CN’s key operating metrics held steady or improved during the quarter when compared to the second quarter of 2015, when the railroad handled similar volume levels. Train productivity improved 8 percent, yard productivity was up 10 percent, and car miles per day rose 2 percent. Terminal dwell, locomotive utilization, and train velocity were flat.

“I’m extremely proud of the operating team’s performance in this quarter,” Chief Operating Officer Mike Cory says, noting that the volume growth was the strongest in his 36-year career.

Nonetheless, CN is working on ways to boost its average train speed, Cory says.

Cory was asked whether he was concerned about losing operational talent after CSX Transportation, under former CN CEO E. Hunter Harrison, hired several supervisors recently.
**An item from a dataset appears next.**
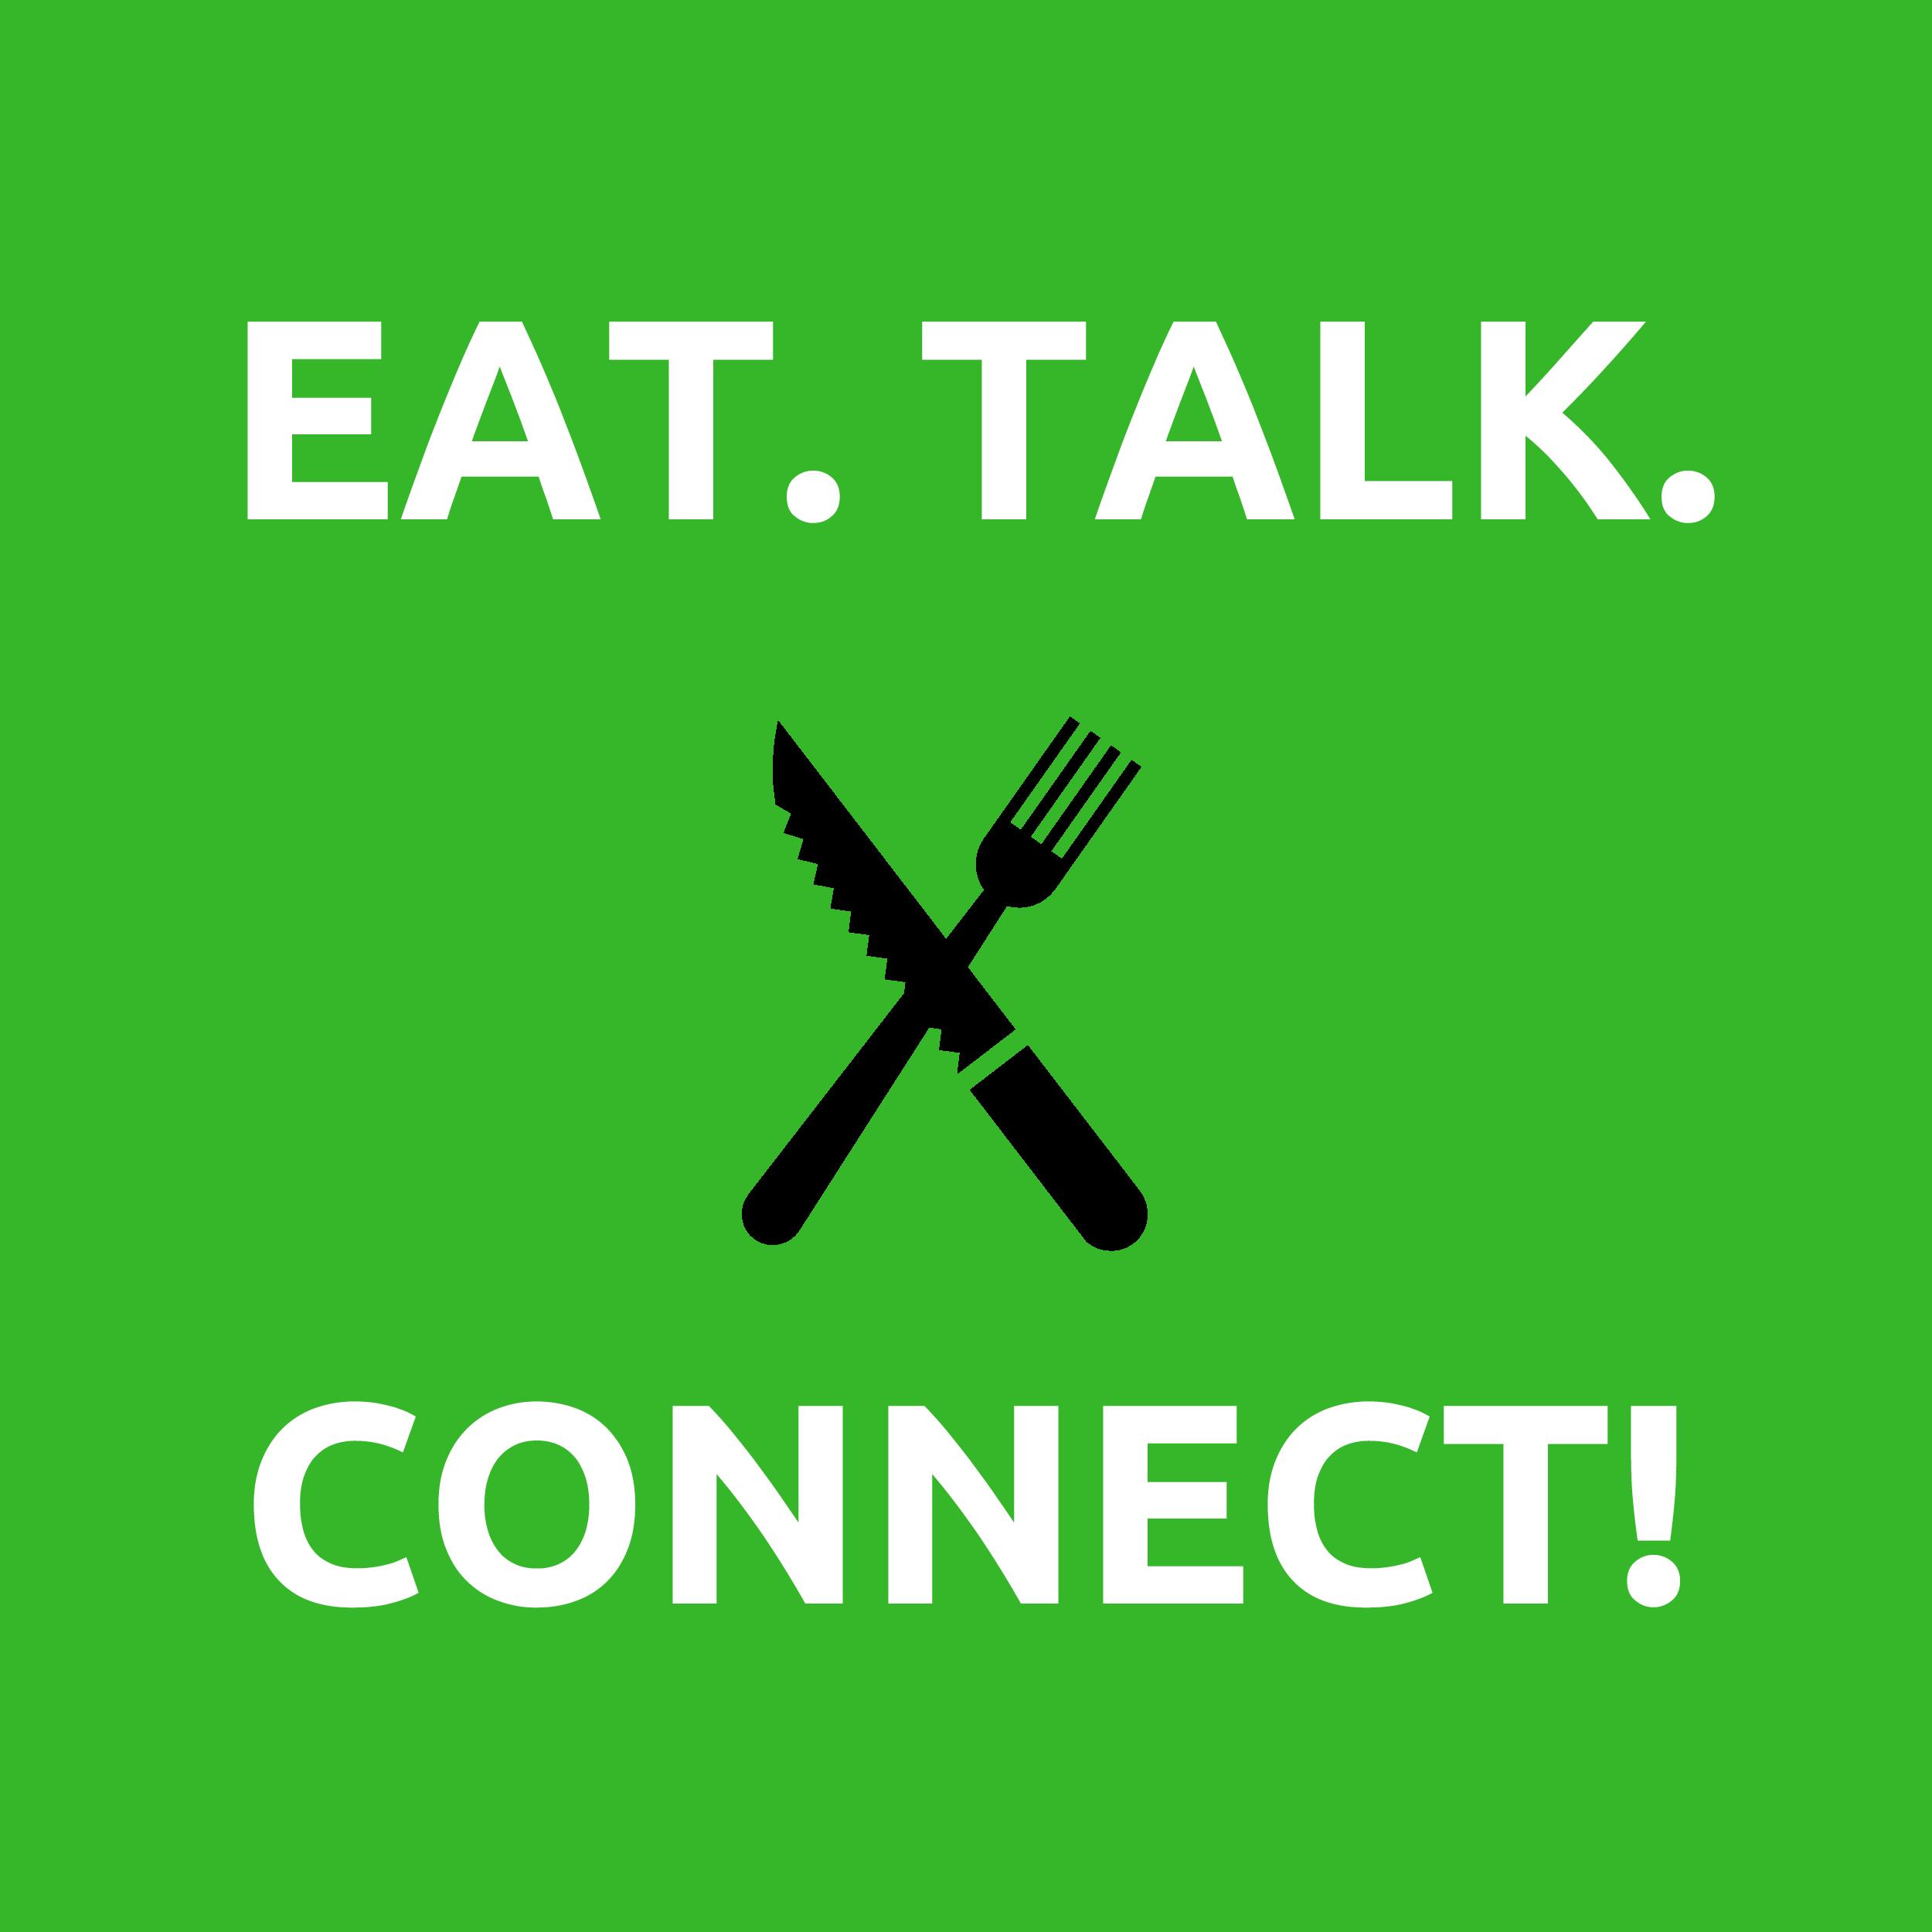 Comer. Habla. Conéctate.

Harrison fired division managers and replaced at least some of them with CN veterans who understand his precision scheduled railroading operating model.

“We’ve lost a few front-line supervisors, so really the effect is small,” Cory says. CN has a strong bench, he adds, so the departures were “not significant.”

Executives expected continued strength across most traffic categories for the rest of the year, although they cautioned that volume comparisons will become more challenging starting in September.

CN executives affirmed the railway’s outlook for the year: adjusted earnings per share of between $4.95 and $5.10, up from last year’s results of $4.59 in adjusted earnings per share.

For the second quarter, CN reported earnings per share was up 24 percent, to $1.36. Wall Street analysts were expecting earnings per share of $1.32, according to Thomson Reuters I/B/E/S.